Several additional lines of evidence suggest that endogenous GLP‐1 and PrRP signalling contributes to stress‐induced activation of the HPA axis. First, central injection of PrRP antibodies is sufficient to prevent stress‐ or nociception‐induced activation of PVN neurons (Mera et al., 2006; Zhu & Onaka, 2003), supporting our findings that selective lesioning of noradrenergic cNTS neurons with axonal inputs to the PVN (which include PrRP inputs) attenuates PVN activation and reduces plasma corticosterone levels in rats following CCK, LPS or LiCl treatment (Bienkowski & Rinaman, 2008; Rinaman, 2003; Rinaman & Dzmura, 2007). Second, mice lacking PrRP display no increase in plasma ACTH following re‐exposure to a conditioned fear stimulus (Yoshida et al., 2014) and GPR10 knockout mice have reduced levels of plasma corticosterone following a hypoglycaemic challenge (Laurent et al., 2005). Conversely, PrRP knockout mice displayed normal increases in PVN cFos and plasma ACTH, but blunted corticosterone release, in response to restraint stress (Mochiduki et al., 2010). These seemingly inconsistent findings indicate that additional research will be required to clarify the role of endogenous PrRP in HPA axis regulation. Regarding GLP‐1, mice lacking GLP‐1 receptors within the PVN display reduced plasma corticosterone responses following restraint stress (Ghosal et al., 2017), whereas whole‐organism knockout of Glp1r promotes increased plasma corticosterone responses to stress (Maclusky et al., 2000), suggesting that the effect of GLP‐1 signalling on corticosterone levels depends on the site of action.

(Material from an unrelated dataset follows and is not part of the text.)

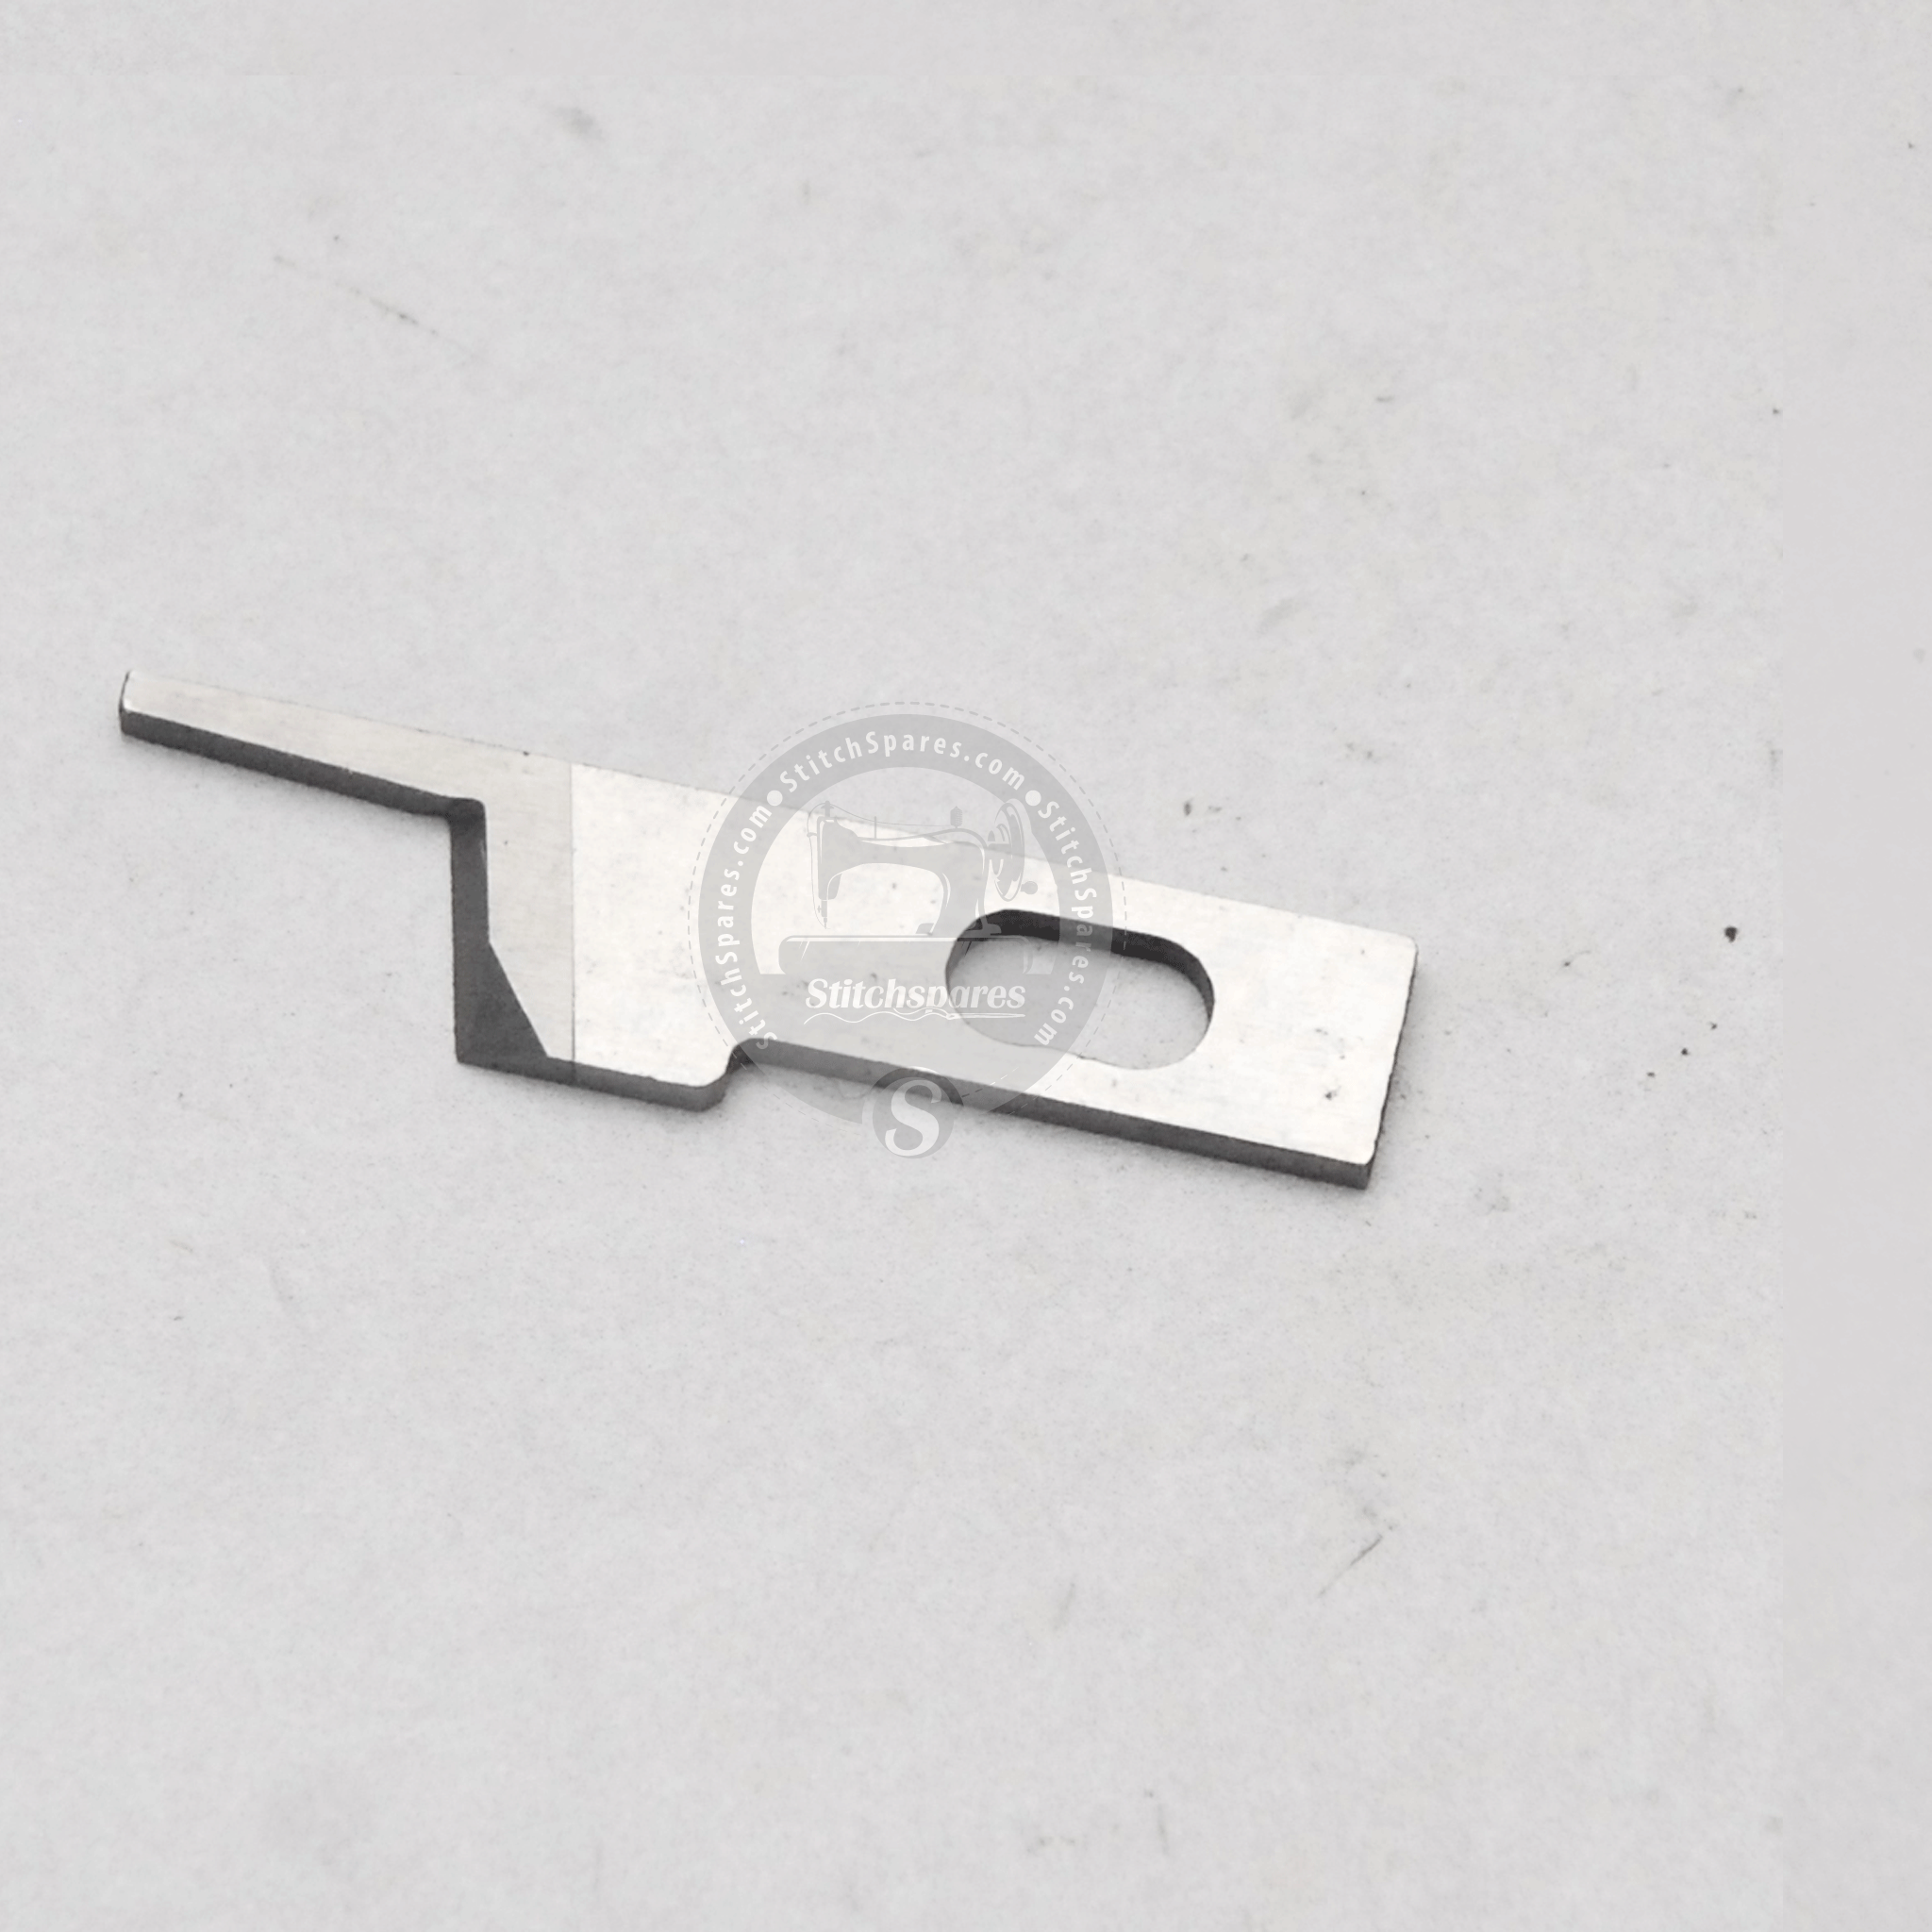 277000-F Linkes Seitenmesser/Klinge (Reverse-Typ-Messer) Linkes Overlock-Nähmaschinen-Ersatzteil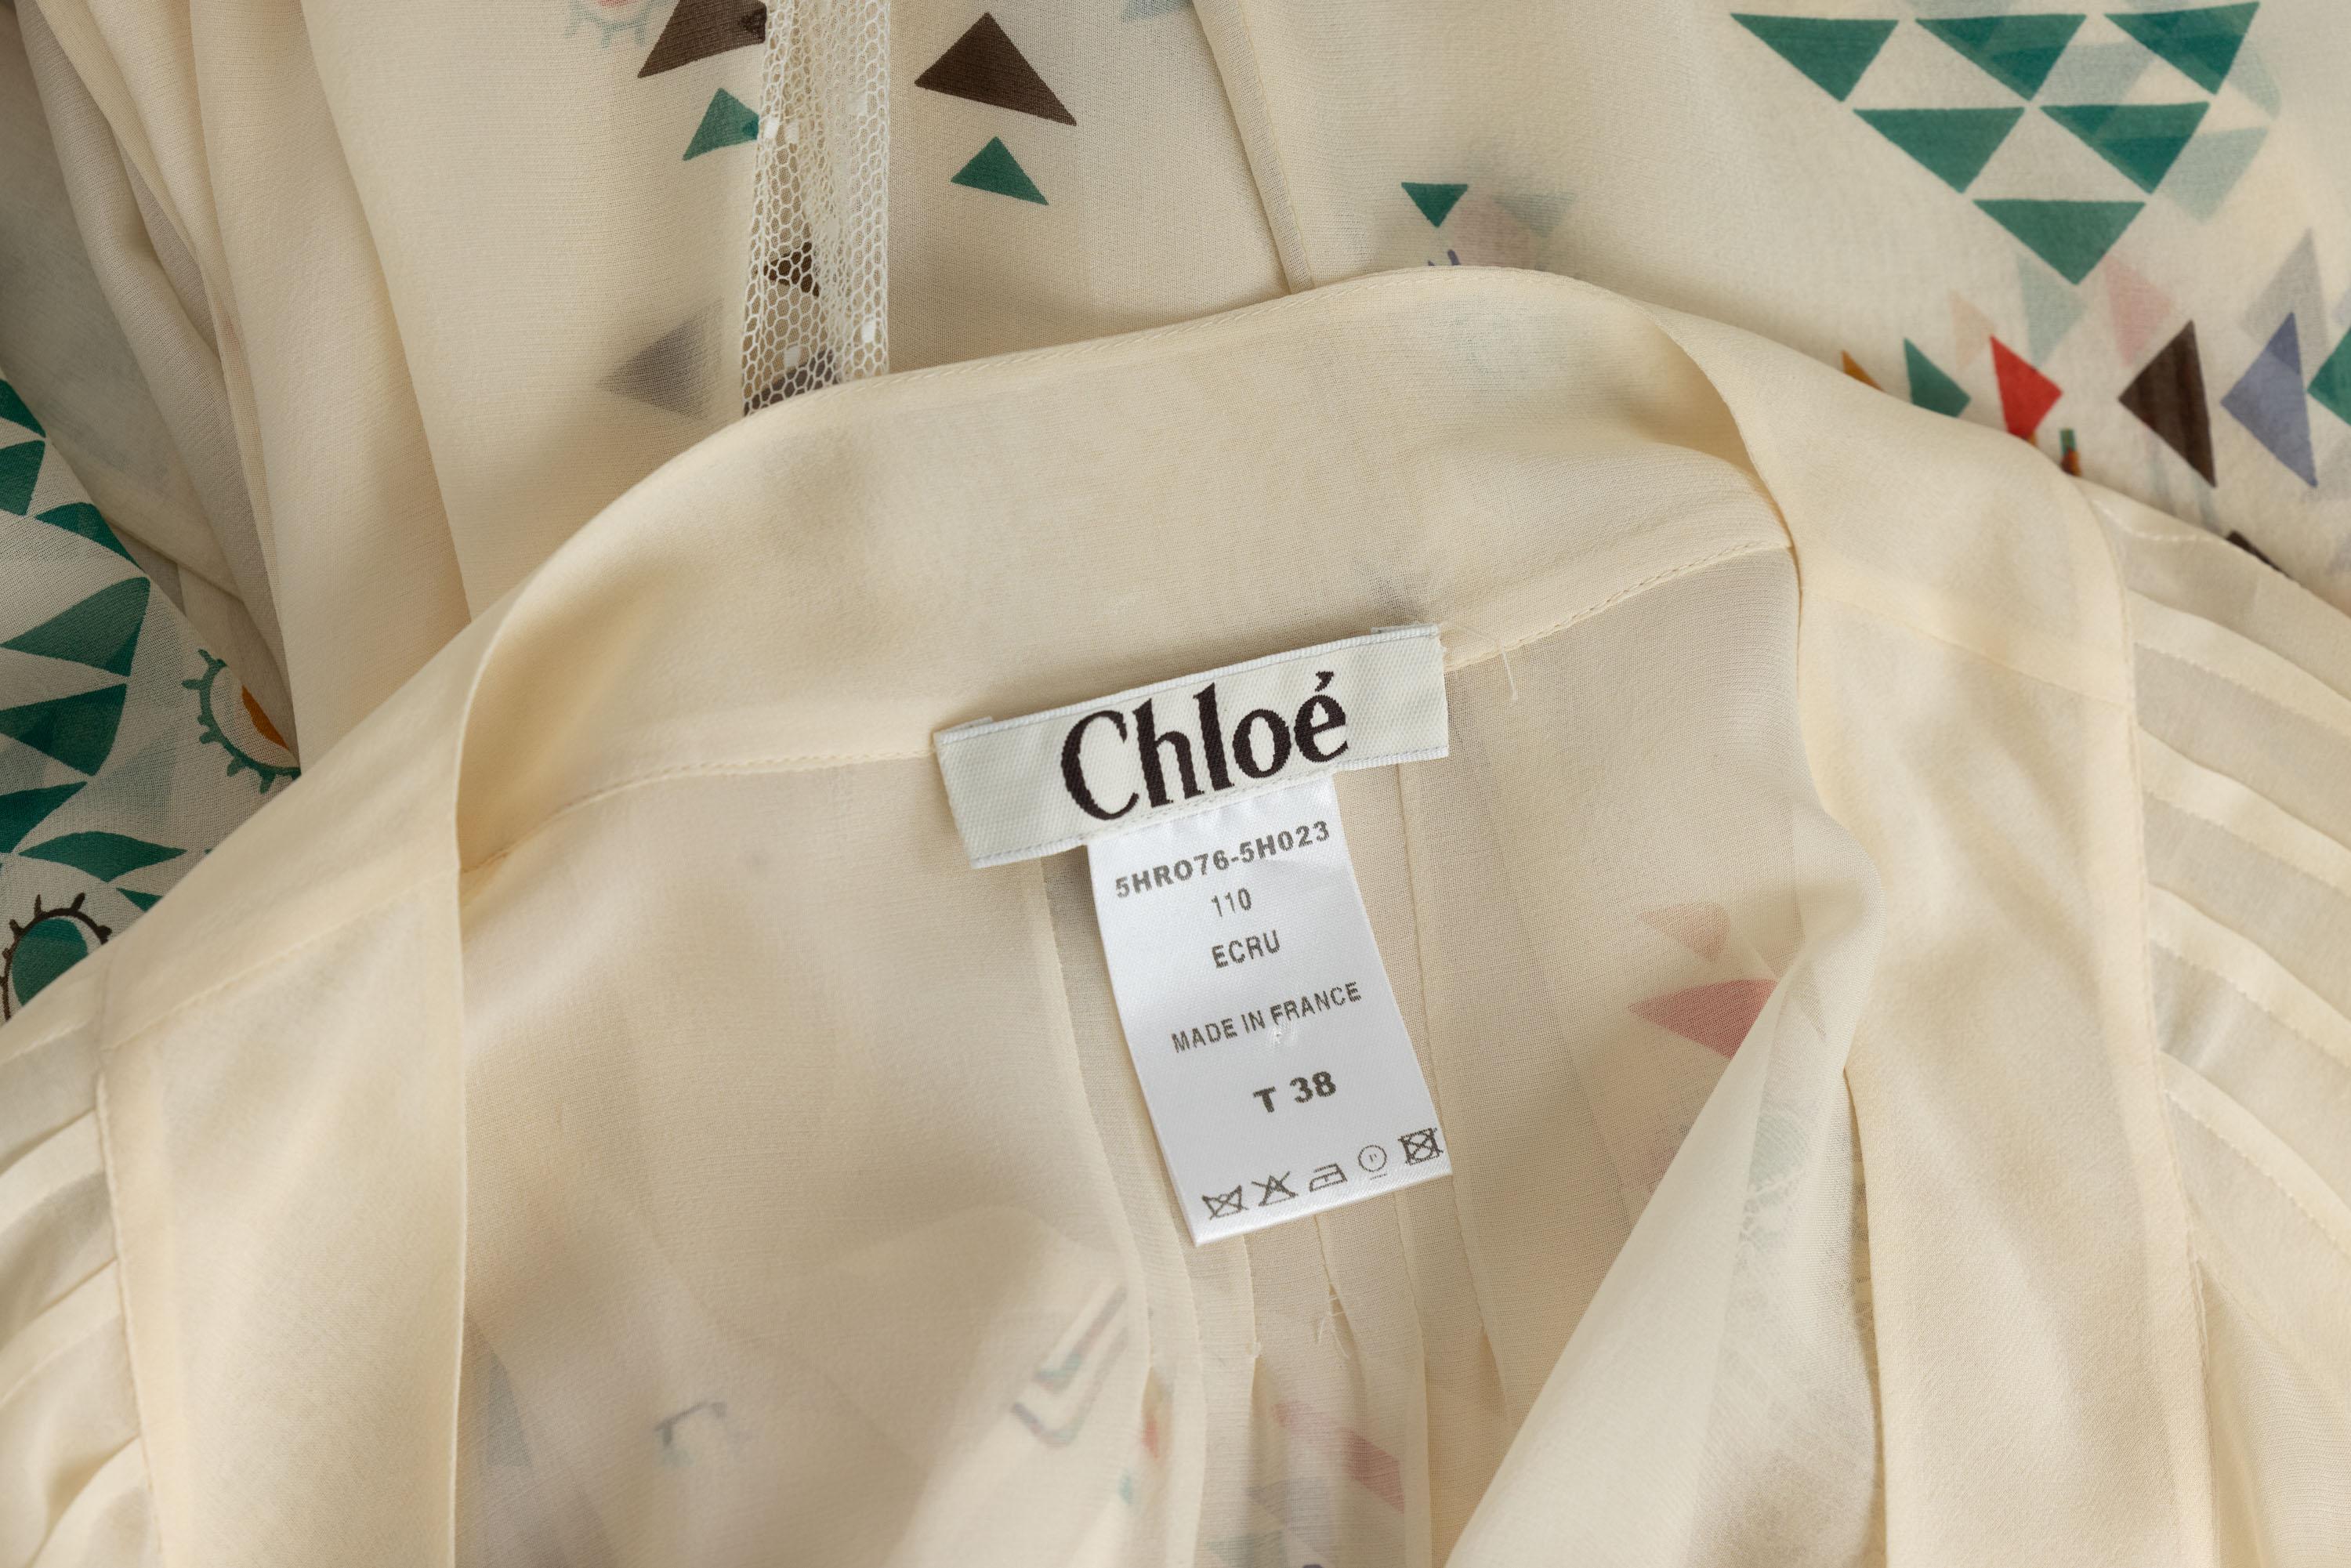 Chloé Phoebe Philo Limited Edition Silk Dress Fall 2005 4

A relatively recent study found that chemogenetic activation of GLP‐1 neurons was by itself insufficient to increase plasma levels of corticosterone in mice (Gaykema et al., 2017). Interestingly, selective knockdown of Glp1r in the bed nucleus of the stria terminalis enhanced the corticosterone response to restraint stress in rats, suggesting that GLP‐1 signalling in this nucleus may provide a negative feedback signal that limits the extent or duration of the neuroendocrine stress response (Zheng et al., 2019). Considered together, these findings provide compelling yet inconclusive evidence that central GLP‐1 and PrRP signalling pathways contribute to stress‐induced HPA axis activation.

Sympathetic activation by glucagon‐like peptide‐1 (GLP‐1) and prolactin‐releasing peptide (PrPP)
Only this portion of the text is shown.